Debaser1 wrote:Cheers for doing this.
Ok, so how did you know when was the right time for you to push your stuff and try and get releases And how did you go about it?
This seemed to happen quite naturally. I had been putting tracks out to people like Distance, N-Type & others since 2004 and had tracks featured on dubplate.net (which at the time was the only place to find out about new dubstep). I had some airplay from N-Type at DMZ (when it was at 3rd base), the whole scene was very open in those days as there weren't many people making bass music at 140bpm so it was easy to get your stuff heard - unlike these days!
Despite this early airplay it wasn't until 2006 that things started to take off.... I had spent a year in Preston lecturing & running some studios and that gave me great insight to how to structure music. I had MCs coming down and spitting on my beats and then they would send the vocalled tracks out to their mates....whenever i got on a bus there would be some kids listening to my tracks on their mobile phones! I think some of those tracks stood up to what else was around at the time but i didn't really send that much out to labels, mostly out of laziness. Then during that year (2005) i started writing Malicious, Sound, India and Killer which were all my first releases on Rottun....I got the basic bass, drums, vocal samples and atmosphere down and then used these tracks to develop my sound. I worked hard on structures and then EQing and then the mixdown (to obsessional levels) and then I thought that something was missing and i realised that there were no melodies really so i worked on that aspect for a while and wrote melodies on all the tracks. Then I learnt how to use Cubase so i got those few tracks and exported the parts to cubase to use those FX.... this is over the course of a year and a half.
So for 18 months or so i worked on just a few tracks really developing them and applying everything i learnt to them and then starting new tracks and ideas using what i had learnt. Finally they were finished and i sent them out to a few places and everything went crazy.... Literally every track i had worked on got signed up in the space of a month or 2. There wasn't a particular method for this it was just a case of sending the 320s to a few people and everything was signed up and Mary Anne Hobbs was playing my tunes. This was around 2006 and then it took a year or so for the releases to start coming and then they suddenly seemed to come out every week in 2008!

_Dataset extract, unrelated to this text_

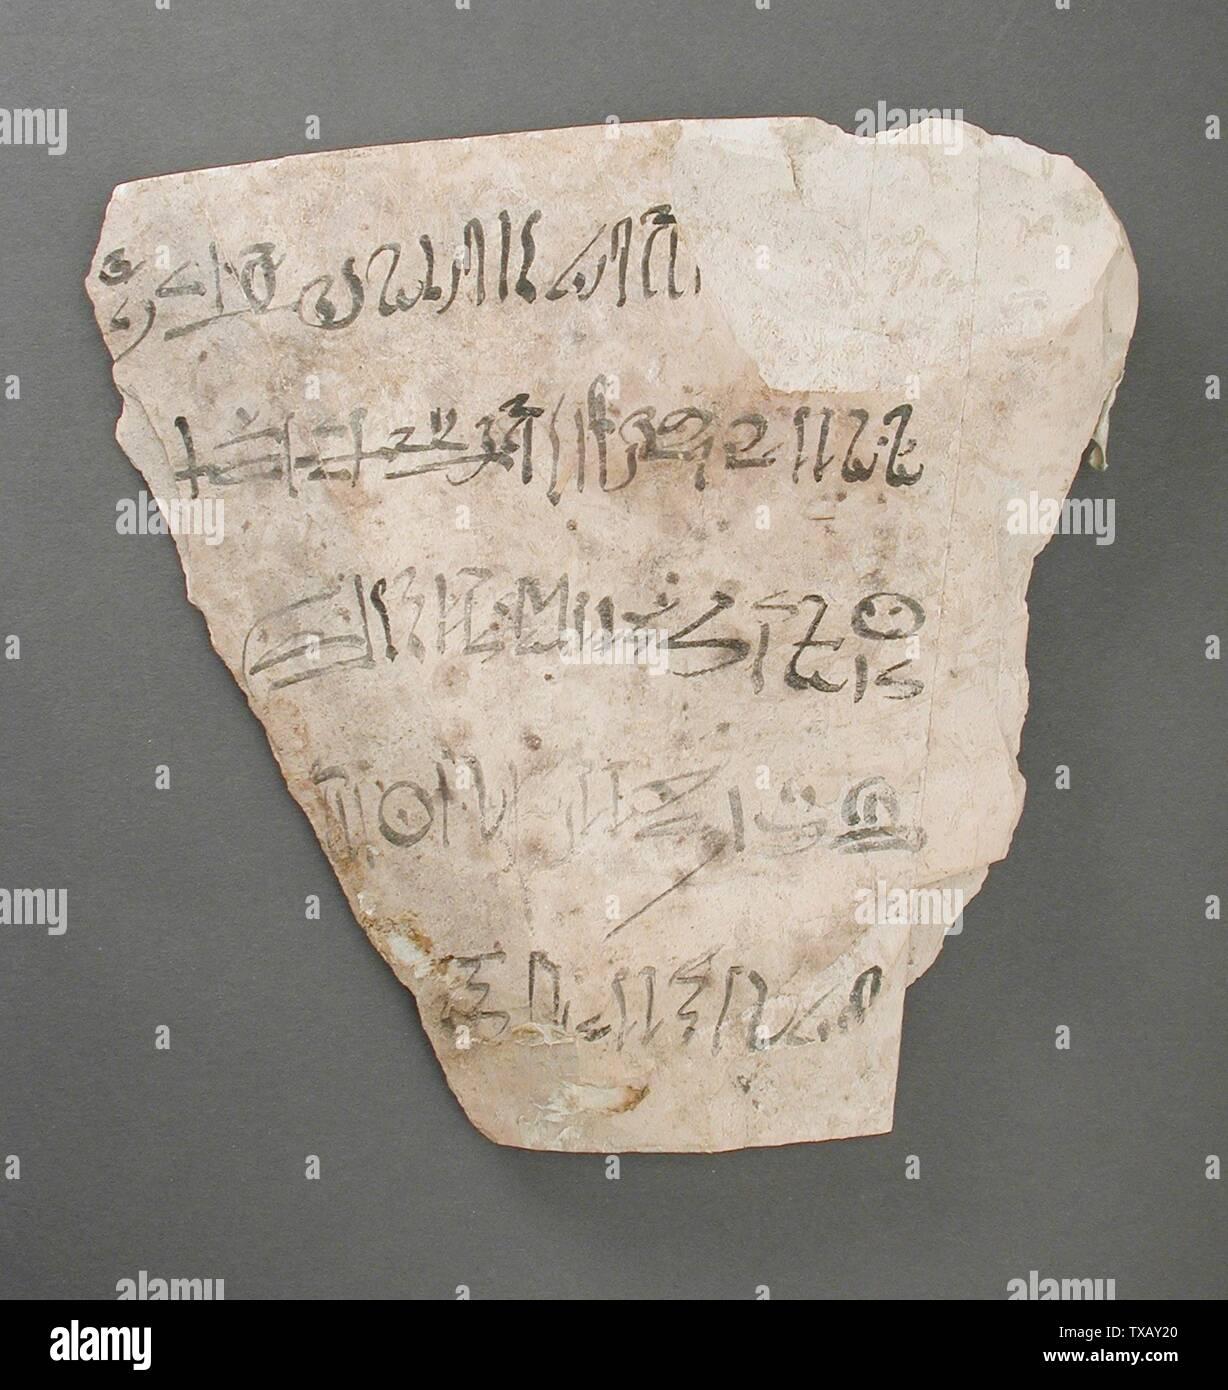 'Ostracon inscrit avec une lettre à l'Vizir; Egypte, Nouvel Empire, 19e et 20e dynastie (1315 - 1081 avant notre ère) Outils et équipement; calcaire ostraka 7 1/16 x 7 5/16 in. (18 x 18,5 cm Don de Carl W. Thomas (M.80.203.210) L'art égyptien; 19e et 20e dynastie (1315 - 1081 avant notre ère); ' Photo Stock

So to answer the question of how did i know when it was time.... well i had worked on the tracks to the point where i could play them in the mix with anything else and they would stand up....i knew there were enough layers, edits, production values and ideas to say they were complete and ready....
and how to go about it... well this is different now as dubstep has reached saturation point in the same way dnb did in 2002 when i was trying to break in with my early tunes. I think really there are 2 approaches,
1. you can get into stuff deeply. Listen to a few key people's radio shows and constantly be in chat and network + enjoy their shows and get your name seen and known and then after a while send some tracks to the DJ and he is likely to listen to it...always keep your contacts list fresh and updated!
2. Find a less saturated genre and be with it from the start as it grows around you and you grow with it. There will be less people to send your stuff too but if you are lucky the scene will take off... We are at a point now where everyone is looking for the new sound and really i think we are at the stage where dubstep is like where Hardcore/Rave music was in 1992... it is going to have so many offshoots (breakstep, future garage, wonky, UK Funky, drumstep, filth whatever) it will be similar to Rave music going housey, breakbeaty, garagey, jungley. I think dubstep has got enough different elements that it can morph to lots of different things.... it is just a case of making what you are feeling and seeing who will play it now.